Vox recently gamed out how Trump might accomplish a "ban" on Tik Tok, but the experts consulted found it an unlikely scenario.
To really take TikTok off Americans’ phones, the government would have to do something like make Apple and Google sever their ties with ByteDance (along with any other Chinese app makers). Getting removed from the iOS App Store and Google Play Store would vastly reduce TikTok’s appeal, even if you could still access it through a sideloaded app or website. Apple, in particular, keeps tight control over iOS devices; its App Store policy is so restrictive that it’s spurred antitrust lawsuits. The government would essentially be ordering companies to deplatform TikTok — and deplatforming can be extremely powerful.
To do this, the Trump administration could repeat a tactic it used with Huawei: have the Commerce Department put TikTok on the “entity list” that limits its commercial ties to US companies. The administration doesn’t need congressional approval to do this, and it can cite any US company that does business with them (barring special exemptions) for violating sanctions. The entity list has stopped Google from working with Huawei on Android phones, and if TikTok were successfully added to the list, Apple and Google would have a hard time keeping them in the App Store.
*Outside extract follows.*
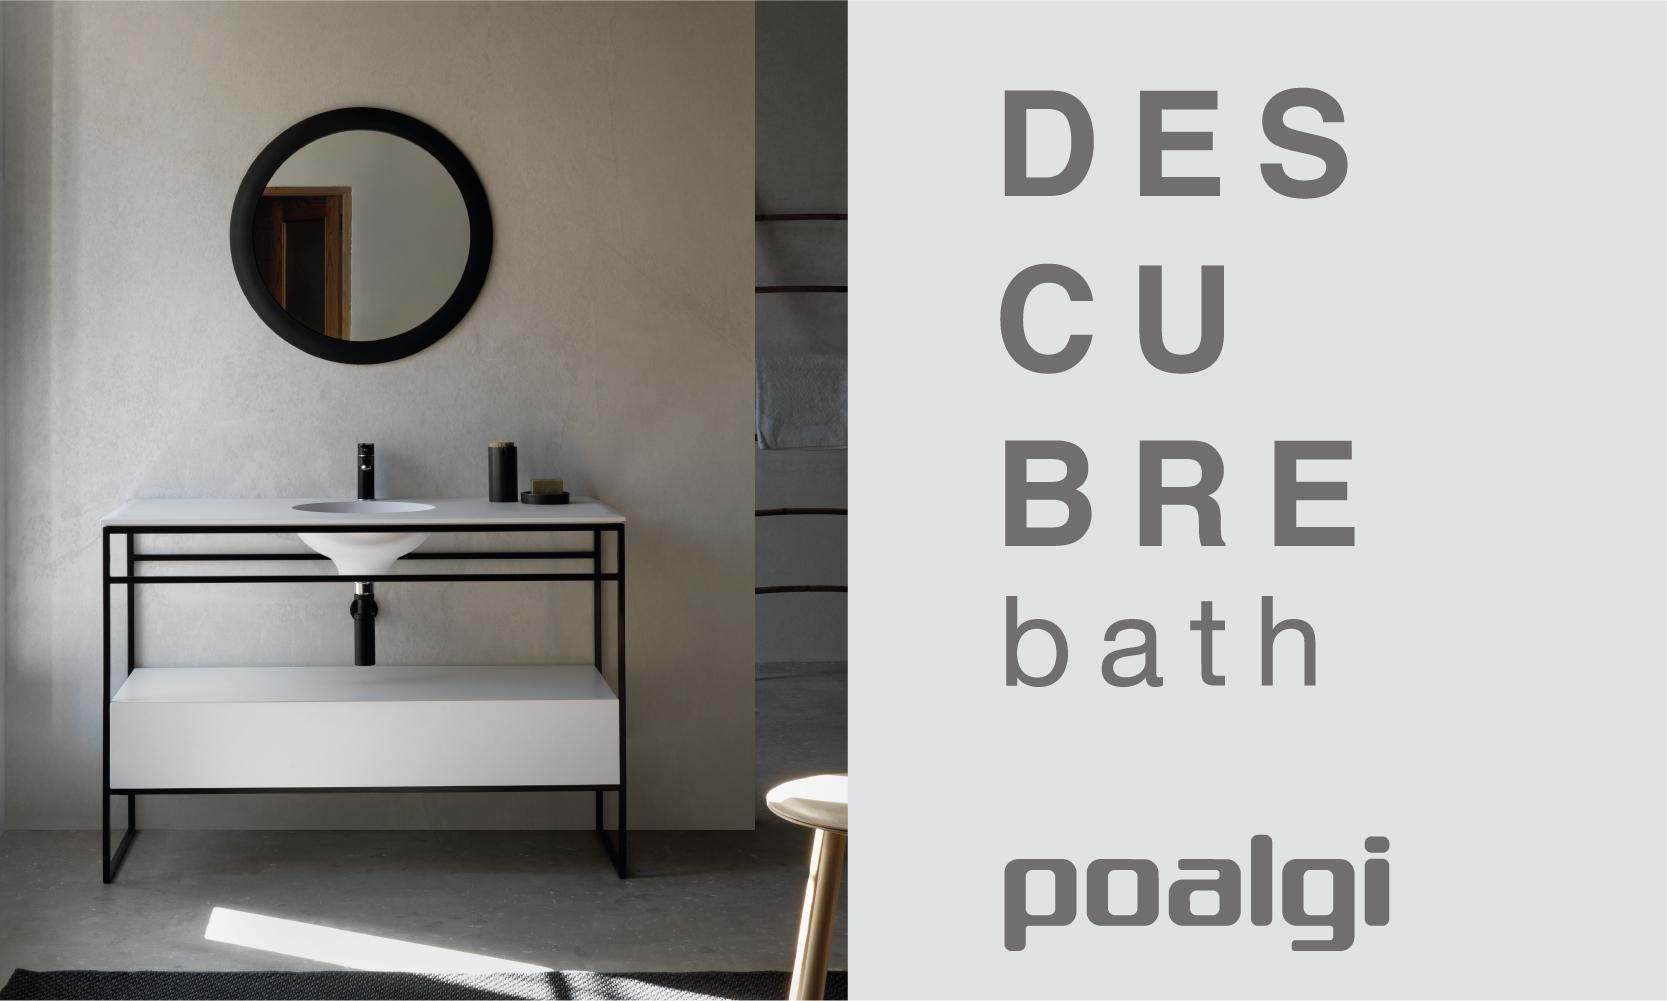 Poalgi Bath
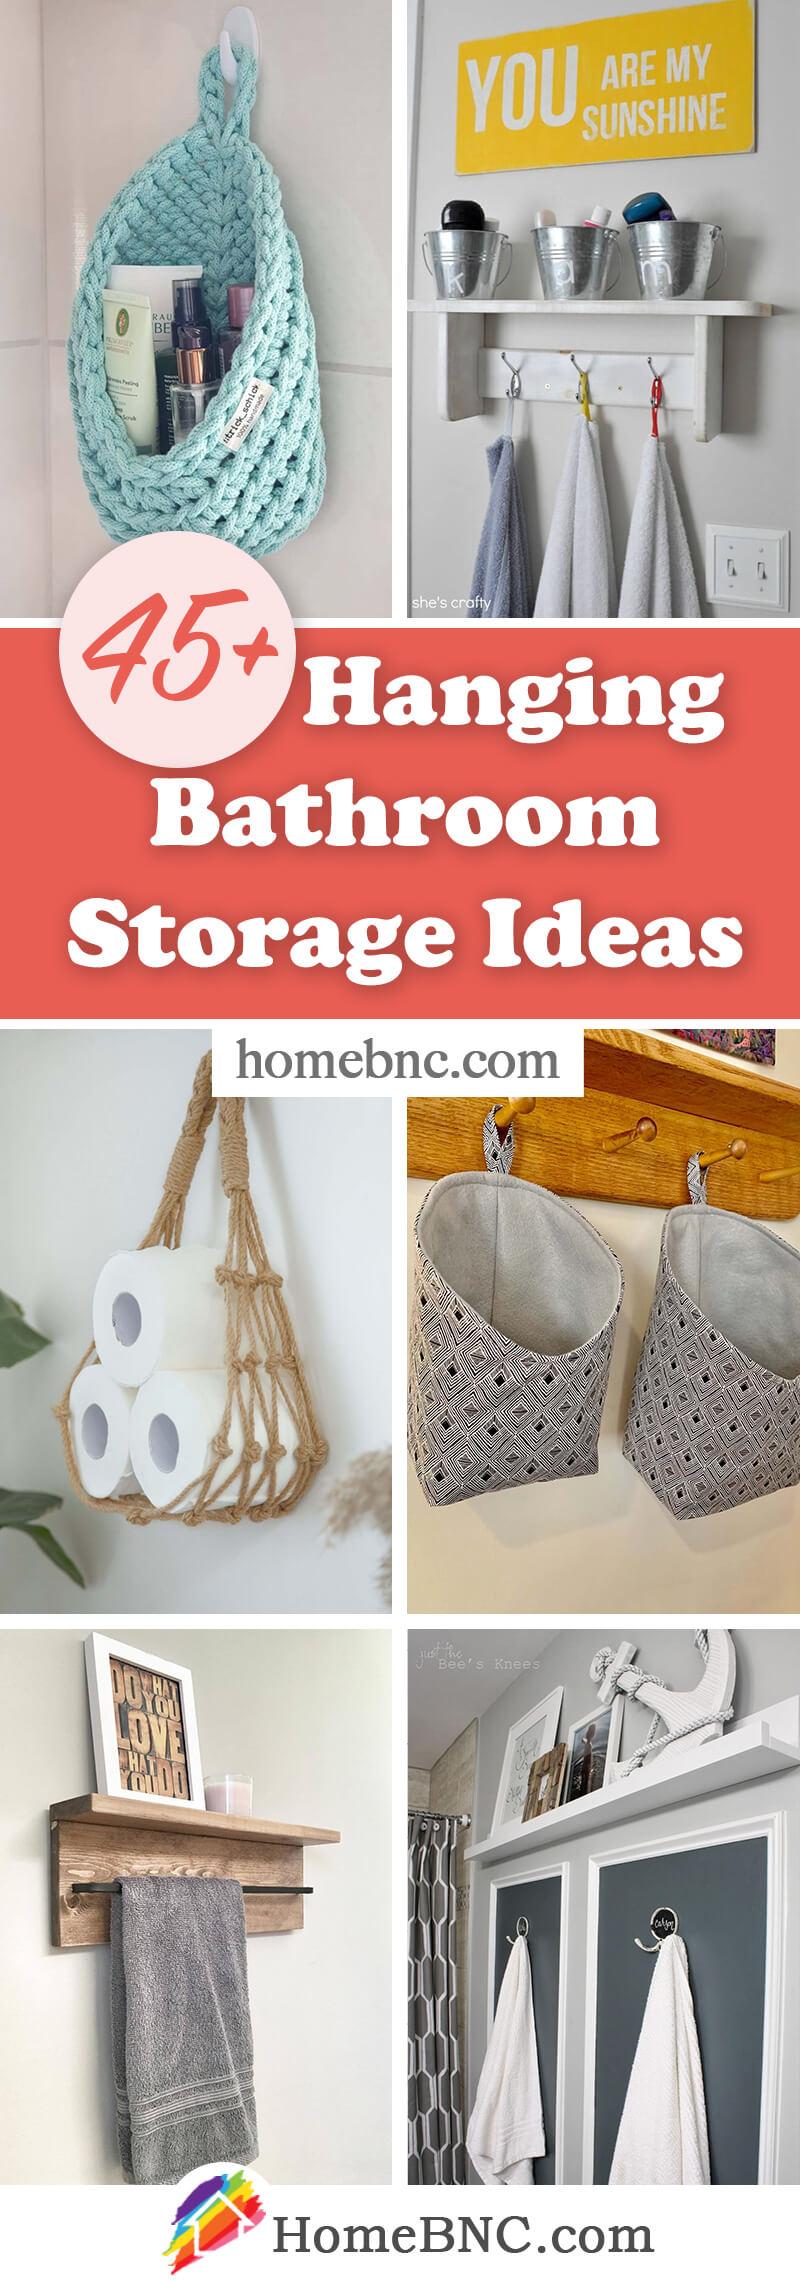 Hanging Bathroom Storage Ideas

James Lewis, director of technology policy at the Center for Strategic and International Studies, says putting TikTok on the list would be extreme, unusual, and legally dubious.
Foreign Policy agreed.
Because the attempted “ban” by the United States is likely to rely on novel theories and will be imposed in haste, the companies are likely to have an opening to challenge the U.S. government action in court as lacking factual and legal support. A legal challenge might also put pressure on the U.S. government by forcing it to risk disclosure of sensitive intelligence on the Chinese companies if it chooses to fully defend court actions. Given the dearth of public evidence to date that TikTok provides any data to the Chinese government and the Trump administration’s less-than-stellar record against procedural challenges to its executive orders, it is possible that a well-structured challenge might be able to overturn, or at least delay, any “ban.”